Текст книги "Бумеранг на один бросок"
Автор книги: Евгений Филенко
Жанр:
Научная фантастика
сообщить о нарушении
Текущая страница: 10 (всего у книги 30 страниц) [доступный отрывок для чтения: 11 страниц]
2. Не хочу быть игроком
После ужина ко мне пришел Чучо. Мы слушали музыку и пялились на закат, говорили же мало и обо всяких пустяках, старательно обходя тему игры. В субботу занятий не будет, потому что весь курс отправляется в Аквапарк, а оттуда на субмарине – на дно морское, смотреть развалины и, если свезет, живых акул – говорят, из океана пришла парочка настоящих, вполне здоровых и потому голодных тинторер. Список кандидатур на скармливание открыт для обсуждения. В девчачьей группе появилась диковатая новенькая, но на уроки пока не ходит, потому что сеньор Эрнандес посоветовал ей вначале пройти это самое… акклиматизацию, потому что новенькая откуда-то с севера. Я припомнил: тысячу лет тому назад я тоже проходил акклиматизацию, то есть болтался в тени араукарий и мимоз, закутанный в белые прохладные одежды, как привидение, с дурацкой панамой на голове, купался в море дважды в день, строго по пятнадцать минут, и с тоской думал, что эта каторга никогда не закончится… а уже через неделю способен был без ущерба для здоровья сидеть в воде хоть с утра до ночи, с перерывами на еду и занятия… а еще через месяц мог целый день провести в инфобанке, даже и не вспоминая о пляже…»Сегодня она была», – сказал Чучо со значением, и я не стал уточнять, где именно: и так все было ясно. В конце октября обещан был визит «Черных Клоунов Вальхаллы» с их знаменитым «Пыльным Треком», происходить действо будет на стадионе «Меса Редонда» в Валенсии, то есть на расстоянии вытянутой руки от Алегрии, сразу после того, как закончится чемпионат Студенческой Лиги по фенестре… Мы переглянулись и поняли, что никуда нам от этой темы не уйти.
– Это была не игра, – сказал я, – а убийство.
– Мы же не профи, – кивнул Чучо. – Мы всего лишь дети. Кому в голову могла прийти дурацкая идея заявить детей на участие в чемпионате Лиги?
– Гильермо Эстебану, конечно.
– Просто удивительно, что мы продержались так долго.
– Это все из-за братцев Хуанов де ла Торре. Если честно, они классные игроки.
– А «Ламантины», наверное, ничем другим и не занимаются, как перепихивают пузырь из сектора в сектор.
– Мне хотелось просто взять и уйти с поля, и никогда не возвращаться.
– Но ты тоже неплохо играл.
– Перестань, Чучо. Я бездарь. Я ползал по полю, как весенняя улитка. Нет, как вымирающий архелон.
– Все дело в том, что мы, остальные, ни на что не годны. Мы просто загоняли тебя. И сами сдохли. Только близнецы Хуаны де ла Торре могут выдержать весь матч в таком темпе. Но они, наверное, как-то по-другому устроены внутри. «Ламантины» все такие, а у нас – только близнецы.

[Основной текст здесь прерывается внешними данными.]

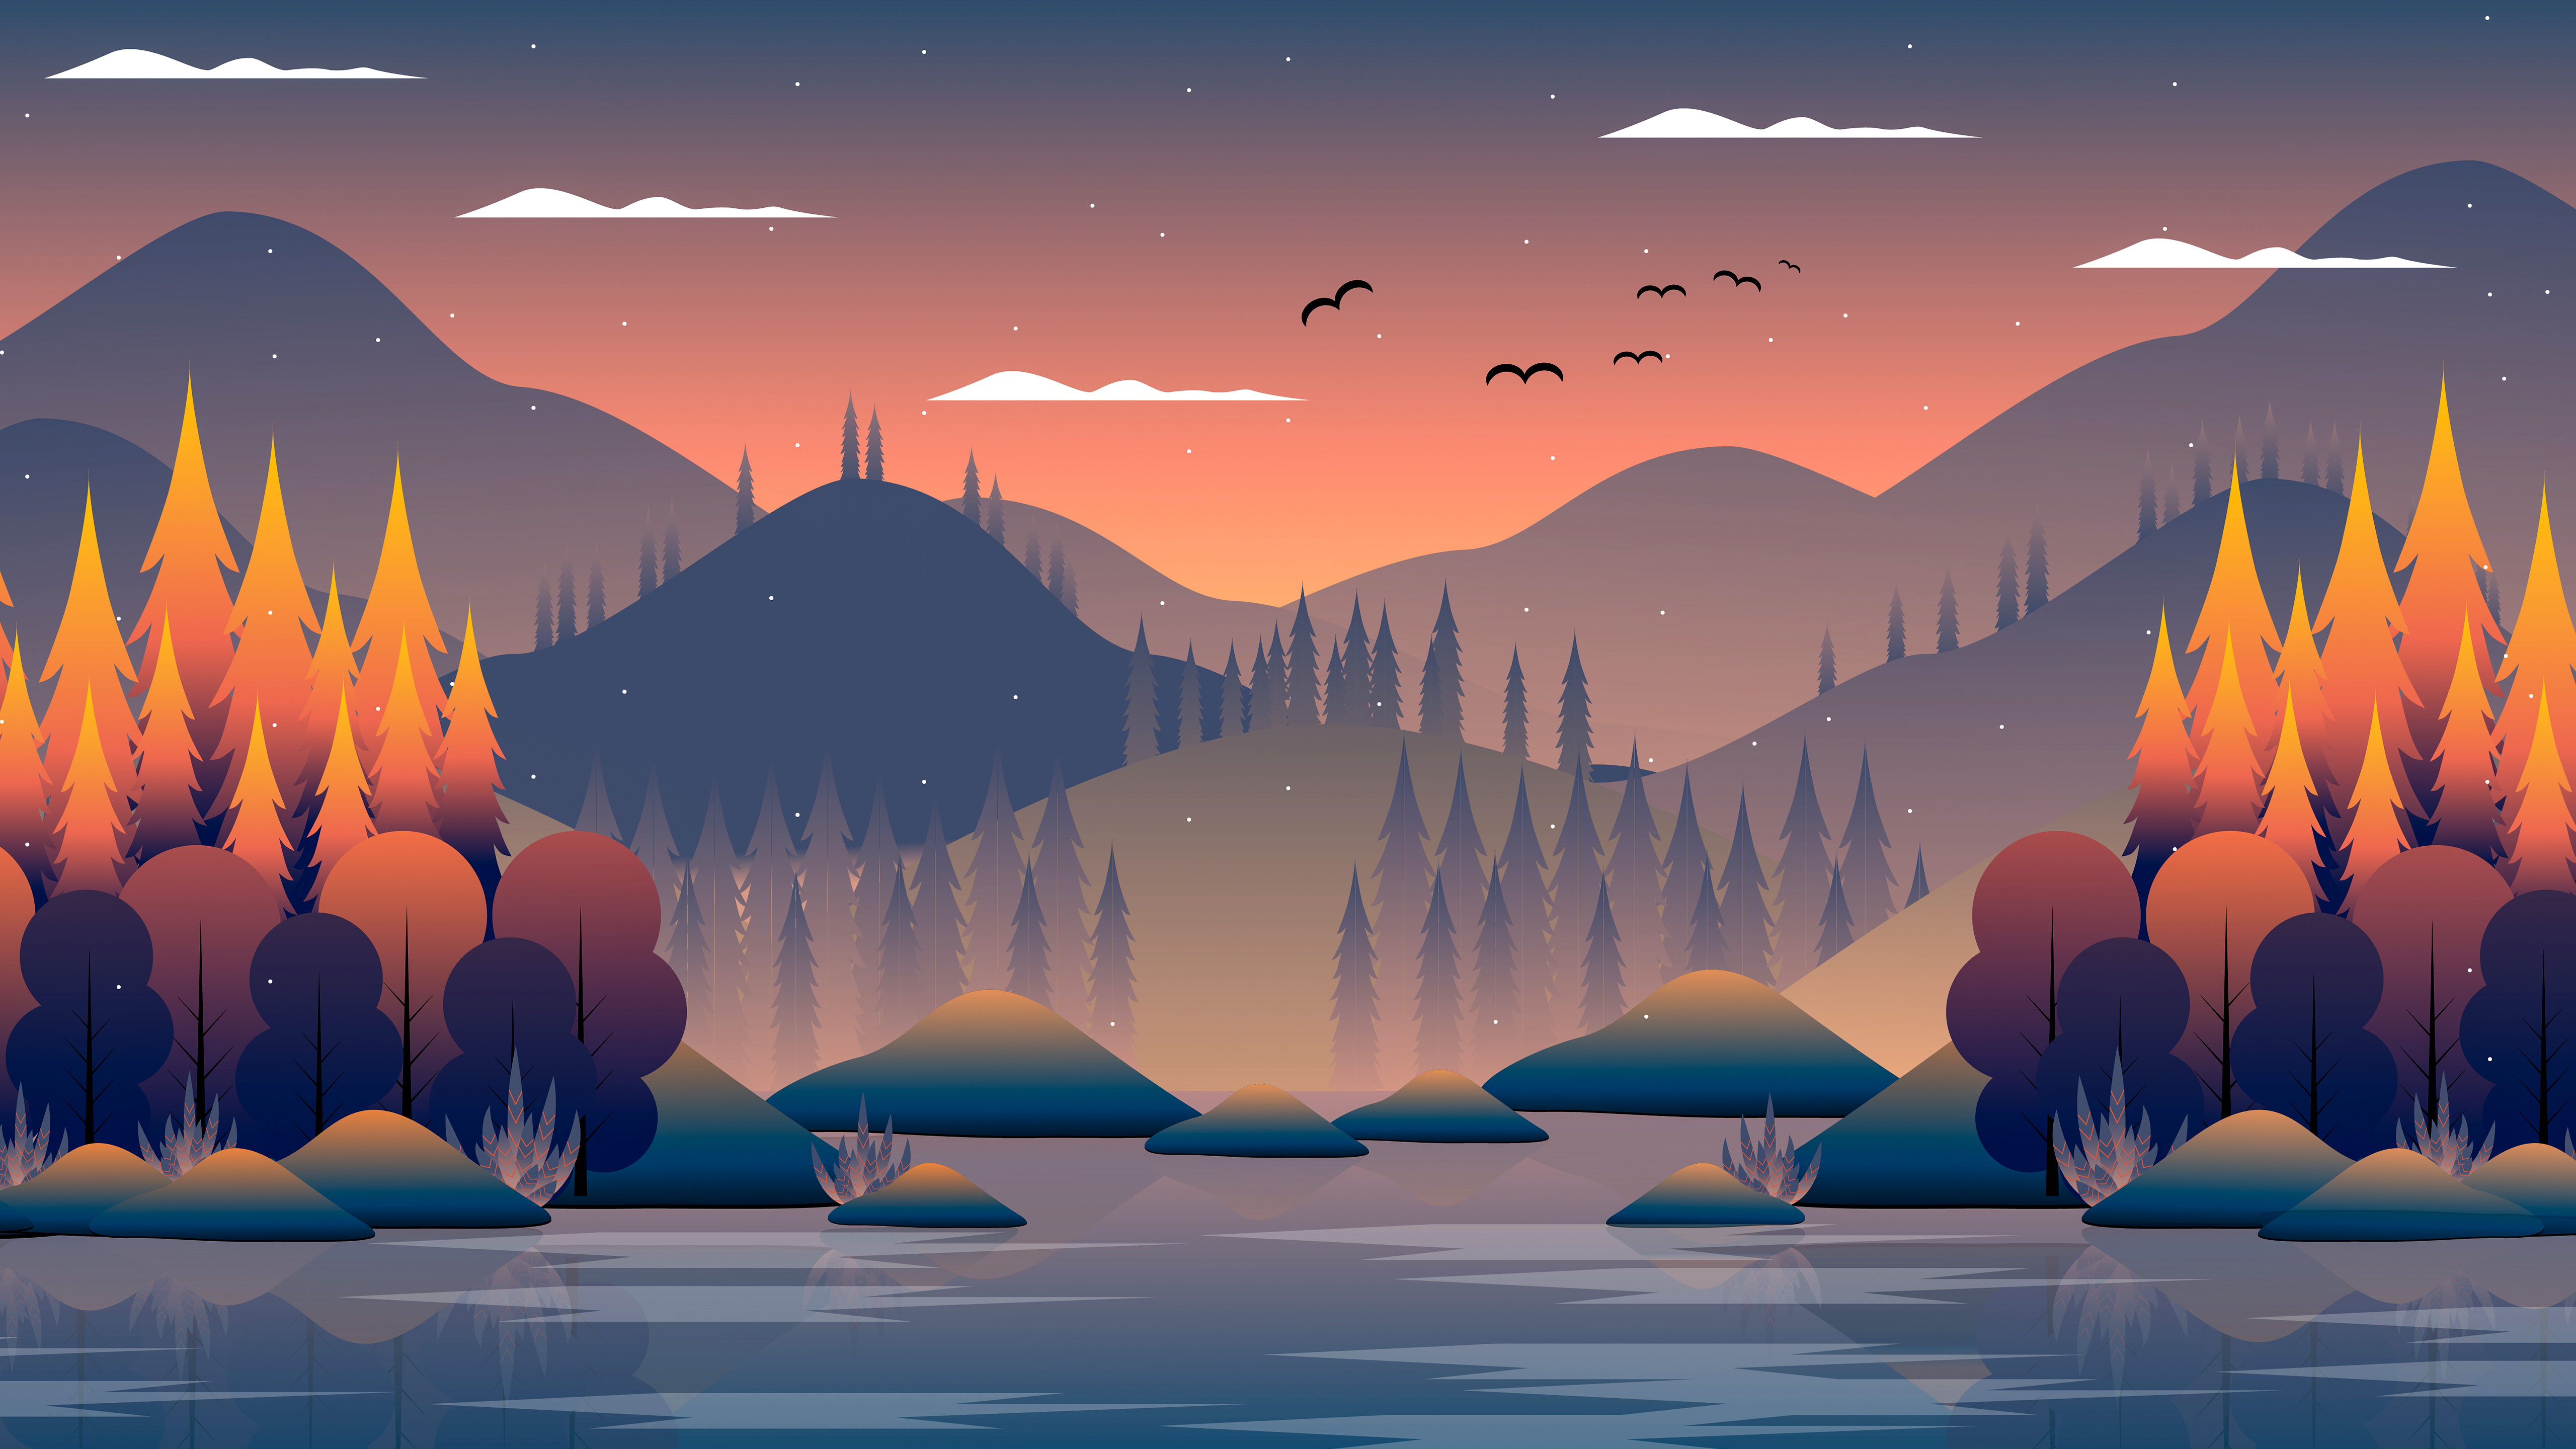 General 5120x2880 digital art trees forest mountains wood clouds birds lake minimalism calm

– Ты знаешь, Чучо, я тоже устроен по-другому.
– Брось, Север…
– Правда, правда. Но это мое устройство не годится для фенестры.
– У тебя хорошие данные. Гильермо Эстебан говорит, что для своего роста ты удивительно пропорционально сложен. У тебя руки, как у гиббона. В игре против большинства студенческих команд ты можешь просто стоять, выкатив щупальца, и забирать шелл на подлете.
– Только не против «Ламантинов».
– Это уж точно.
– А «Ламантины» в Лиге считаются середнячками.
– Это уж верно.
– Мне страшно подумать, как бы мы стали играть с теми, кого здесь считают лучшими.
– Они бы просто перебрасывали шелл с цвета на цвет и не обращали бы на нас внимания.
– Даже на близнецов.
– Даже на них…
Я удрученно вздохнул. Чучо положил мне руку на плечо.
– Твоя последняя передача была слишком сильной, Север.
– Угу.
– Никто тебя не винит.
– Знаешь, Чучо… Наверное, мне не обязательно быть игроком в фенестру.
Он поглядел на меня с изумлением.
– Чем же ты собираешься заняться?
– Ну… я еще не думал. Может быть, музыкой. Или архитектурой. Да мало ли чем!
– Ты решил стать ботаником?! – с ужасом спросил Чучо.
– Что в этом плохого?
– Ничего, но…
– Слушай, Чучо… Сегодня, на поле, я вдруг почувствовал, что не понимаю, зачем там нахожусь.
– Что тут непонятного? Это же игра! В ней у каждого – свое место. Ты раптор, значит – ты находишься на поле, чтобы перехватить шелл и отдать его хантеру или флингеру.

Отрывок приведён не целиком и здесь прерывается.